Select has the least marbling and is often less juicy and flavorful than the other grades.

Alternatives to grocery stores include butchers and specialty shops.

 PREPPING

• “If you’ve spent a bundle on a great steak, keep the seasoning simple,” Sack said. “I love English sea salt. It’s very light and doesn’t add a lot of salty taste. Then use some fresh chopped garlic, fresh herbs and fresh cracked black pepper. Sprinkle this over both sides of the steak, and let it stand at room temperature for about 15 minutes.”

THE GRILL

• The hotter, the better.

“The grill should be blistering hot,” Brand said. “If you’re using a gas grill, get it as hot as you can. If you’re using a charcoal grill, the coals need to be completely white and glowing.”
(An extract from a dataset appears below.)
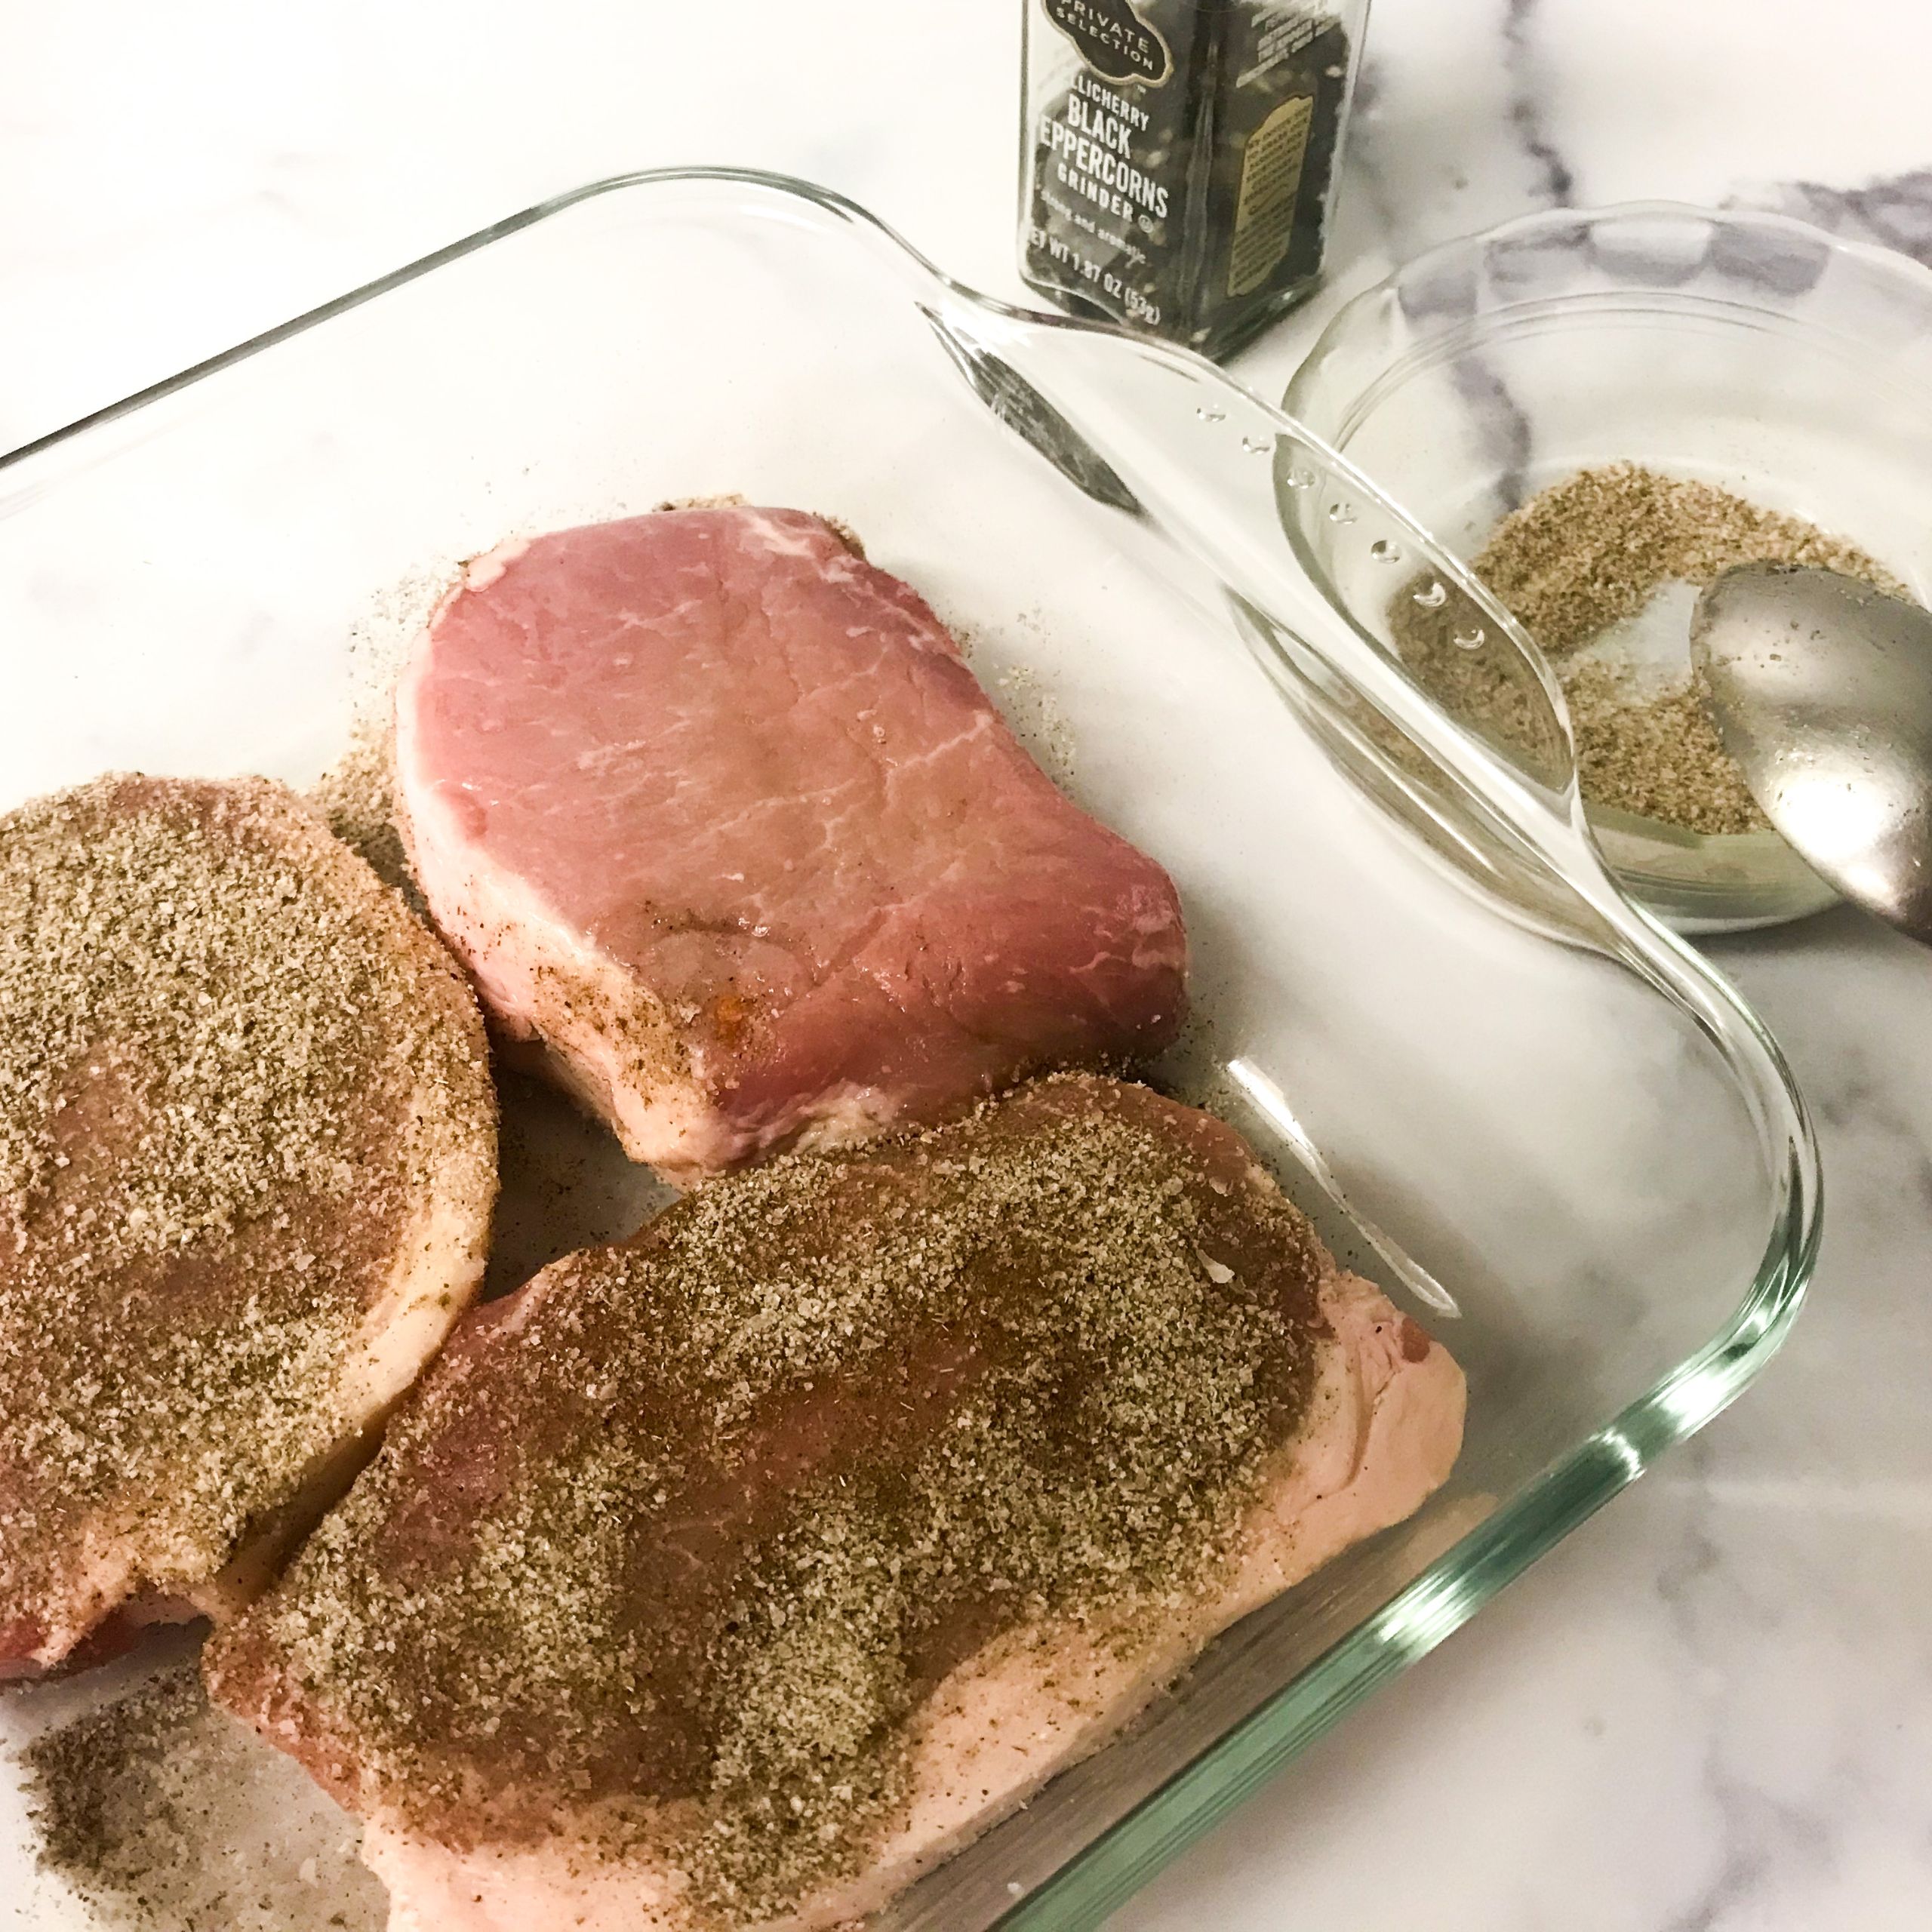 spices on pork chops | my curated tastes

• To get the signature crisscross pattern on the steak, position it so it points to 11 o’clock, Sack said. Let it rest there until it’s well-marked, then lift and rotate it to the 2 o’clock position. “Then you’ll have nice brown marks on the top side.”

Flip the steak over, and move it to a cooler area of the grill to finish cooking. Avoid flipping more than once, and use tongs rather than a fork.

“If you use a fork it will make holes in the steak and let the juice run out,” Brand said.

DONENESS

• Sack doesn’t have much patience with people who like their steaks well-done.

“If people like well-done beef, they should buy a cheaper cut, like a chuck steak, and kill it all they want,” he said. “An expensive steak should be served rare to medium-rare.”

• Don’t guess; use a thermometer to gauge the temperature of steaks at least 1/2-inch thick. Insert it horizontally from the side, so the thermometer penetrates the thickest part or the center of the steak, without touching bone or fat. The National Cattlemen’s Beef Association recommends 145 degrees for medium-rare, 160 degrees for medium and 170 degrees for well-done.

After removing the steak from the grill, let it rest 2 to 3 minutes before serving to let the juices flow out from the center. This makes the whole steak nice and juicy.